1College of Mechanical Science and Engineering, Jilin University, Changchun 130022, China
2College of Electromechanical Engineering, Changchun University of Technology, Changchun 130012, China

Received 18 July 2013; Accepted 13 August 2013

Academic Editors: C. Bao and A. Szekrenyes

Copyright © 2013 Qiang Liu et al. This is an open access article distributed under the Creative Commons Attribution License, which permits unrestricted use, distribution, and reproduction in any medium, provided the original work is properly cited.

Abstract

Accurately modeling the dynamic behaviors of fast tool servo (FTS) is one of the key issues in the ultraprecision positioning of the cutting tool.
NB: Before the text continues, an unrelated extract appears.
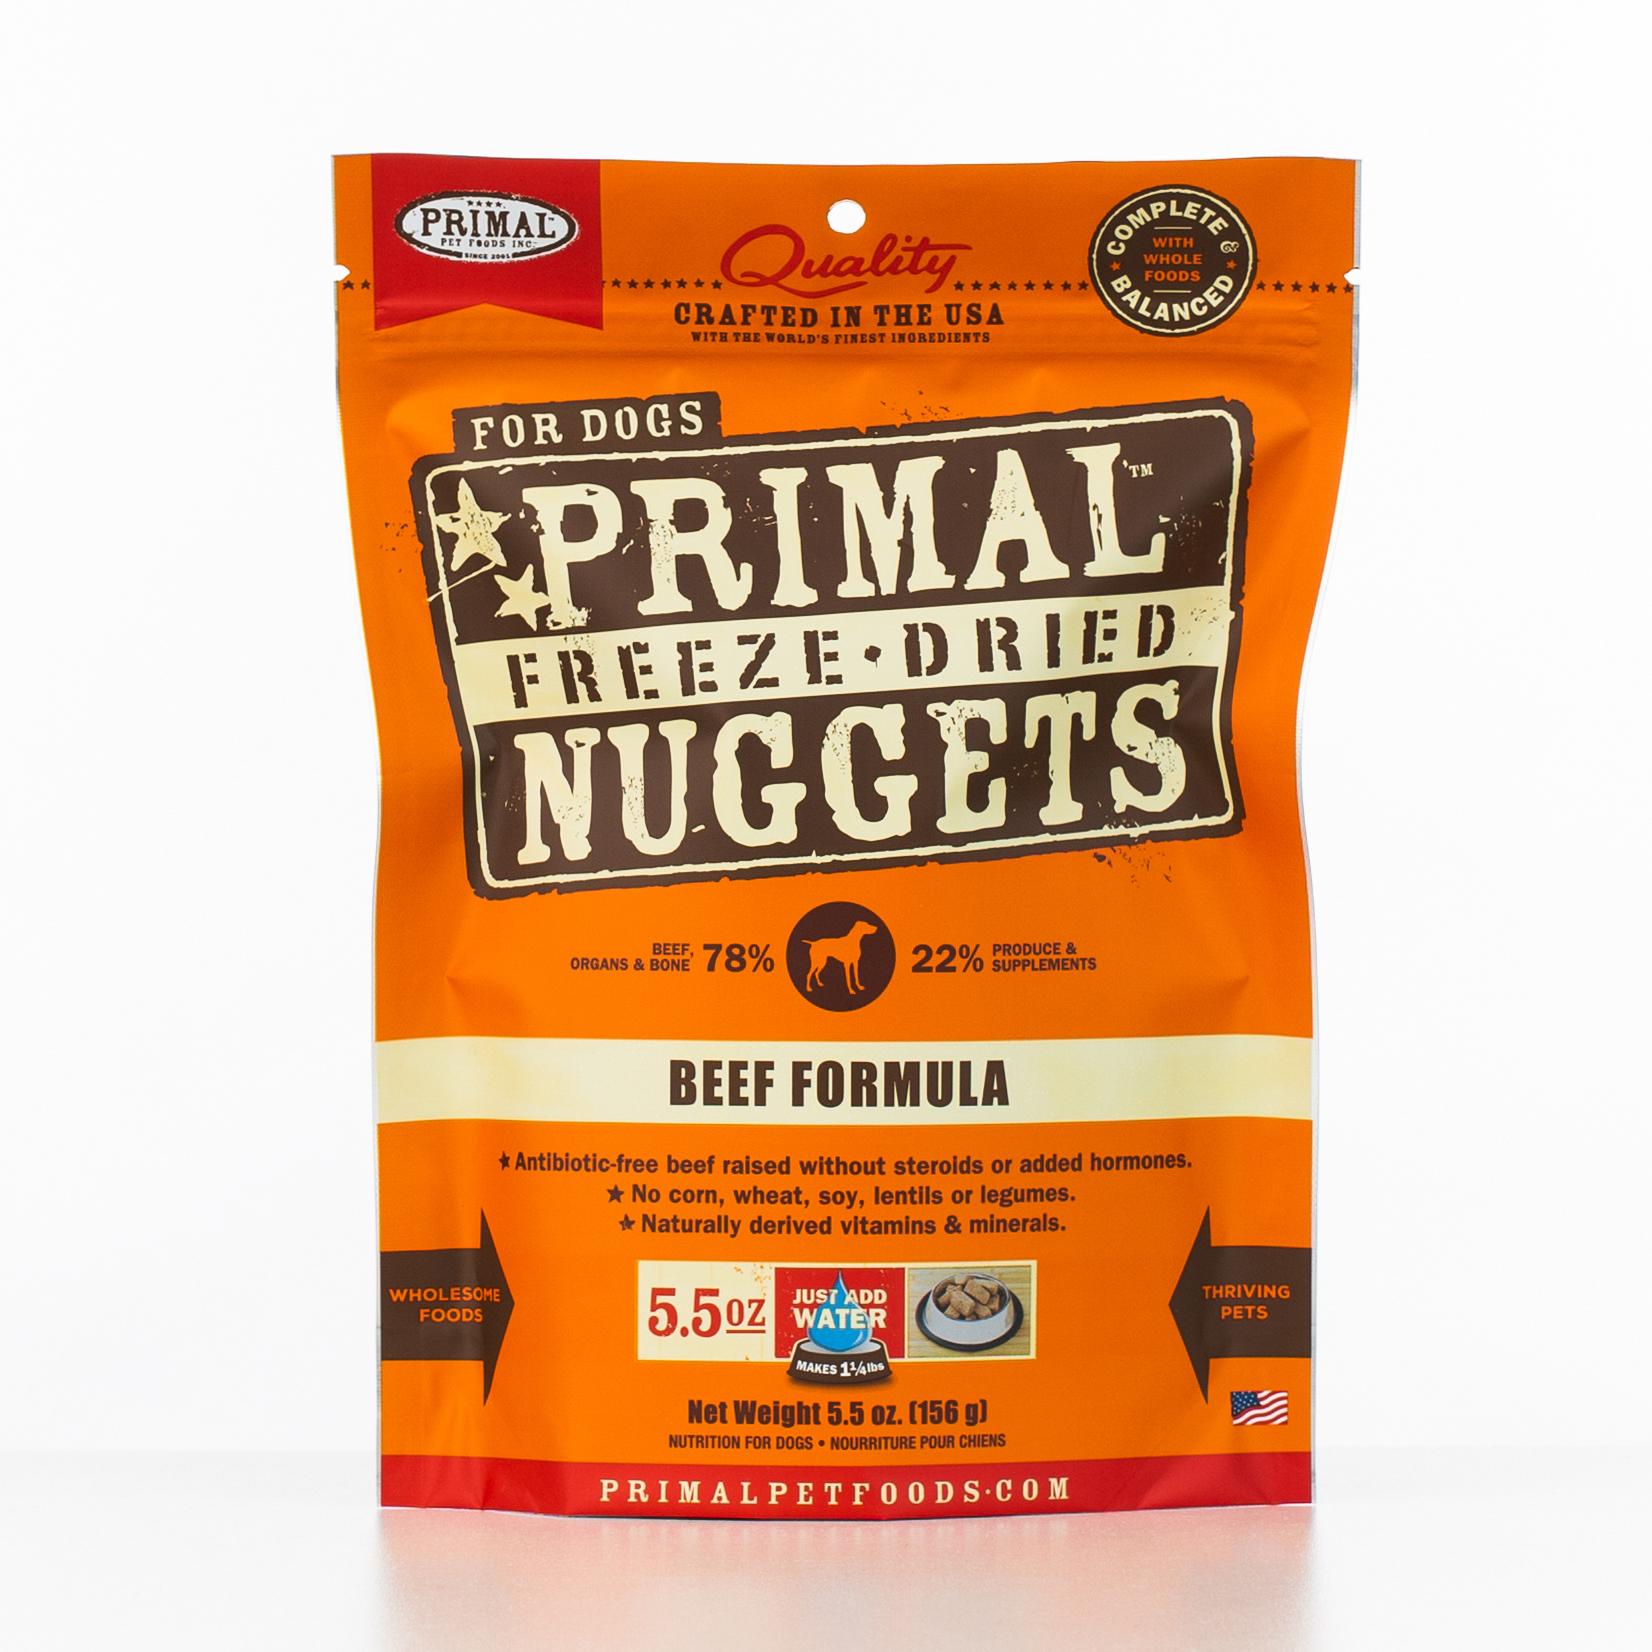 Primal Raw Freeze-Dried Nuggets Beef Formula Dog Food, 5.5-oz bag Size: 5.5-oz bag, Weights: 5.5ounces

Herein, a quasiphysics intelligent model (QPIM) integrating a linear physics model (LPM) and a radial basis function (RBF) based neural model (NM) is developed to accurately describe the dynamic behaviors of a voice coil motor (VCM) actuated long range fast tool servo (LFTS). To identify the parameters of the LPM, a novel Opposition-based Self-adaptive Replacement Differential Evolution (OSaRDE) algorithm is proposed which has been proved to have a faster convergence mechanism without compromising with the quality of solution and outperform than similar evolution algorithms taken for consideration. The modeling errors of the LPM and the QPIM are investigated by experiments. The modeling error of the LPM presents an obvious trend component which is about ±1.15% of the full span range verifying the efficiency of the proposed OSaRDE algorithm for system identification. As for the QPIM, the trend component in the residual error of LPM can be well suppressed, and the error of the QPIM maintains noise level. All the results verify the efficiency and superiority of the proposed modeling and identification approaches.